3.出現 【7】3大欲

【7】

 家に帰ると、遙花が起きて待っていてくれた。

 食事は済ませたと言うと、脱いだ上着を受け取り、クローゼットへ掛けてくれる。

 拓也は熱い風呂に浸かり、寝室のベッドに身を横たえた。

 暫くすると片づけを終えた遙花がかたわらに横たわり、今日一日の出来事を話し始めた。

 いつもは出来事の詳細を事細かく話す遙花も、さすがに今日は時間が遅いためか、すぐに寝息を立て始めた。

 拓也も今日一日色々な事があったため、身体は疲れているはずなのだが、なかなか寝付けなかった。いや、その色々な出来事が拓也を眠れなくさせていた。

 荒らされていた自分の研究室。

 ―──そして、伊吹の顔・・・・・・。

 また幻覚を見たのだろうか?

 伊吹の顔の造型も、冷静に思い出してみれば整っている方だろう。しかし伊吹の顔は、日本人の実在の人物として有り得る顔なのである。

 拓也は入り江の女の顔を思い浮かべる。

 その顔は月明かりの逆光で輪郭りんかくが明るく輝き、その分、顔の中心は暗くなっている。影になっているため彼女の一番の特徴である白い髪よりも、瞳や唇が際立きわだつ。 

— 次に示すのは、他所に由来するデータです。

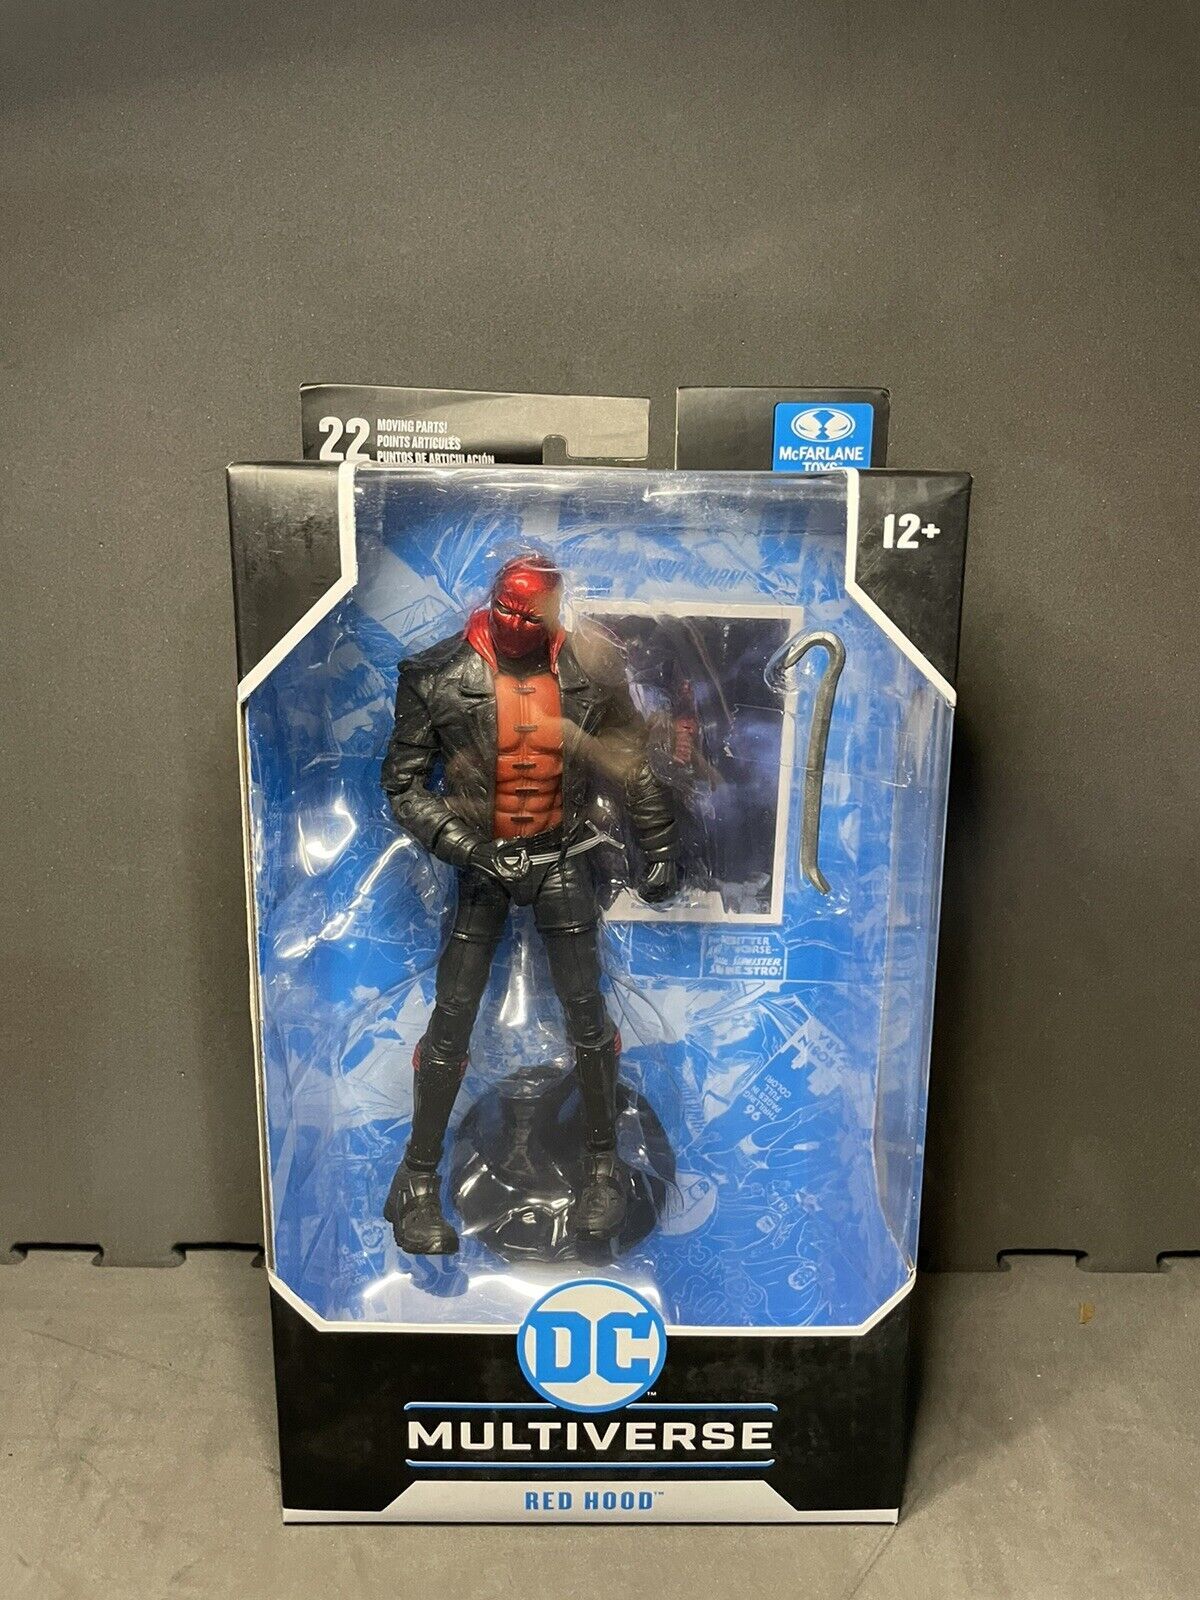 Primary image for McFarlane Action Figure -DC Multiverse - RED HOOD (7 inch)(Batman: Three Jokers)

 その顔は、拓也がこれまで会った人、映像や雑誌で見るモデルにでさえ見たことが無い程、完璧な造型であった。彼女の容姿は、今まで見てきた自分の記憶の中のどれとも当てはまらない。国籍を当てはめようとしても当てはまらないのである。人類全ての人間が理想だと思う形を想像すれば、彼女になるのかもしれない。

 一言で言ってしまえば、有り得ないのだ。

 全人類が理想と思う造形など、およそ不可能なのだ。各民族、各個人それに時代によって思い描く理想像が違うのであるから。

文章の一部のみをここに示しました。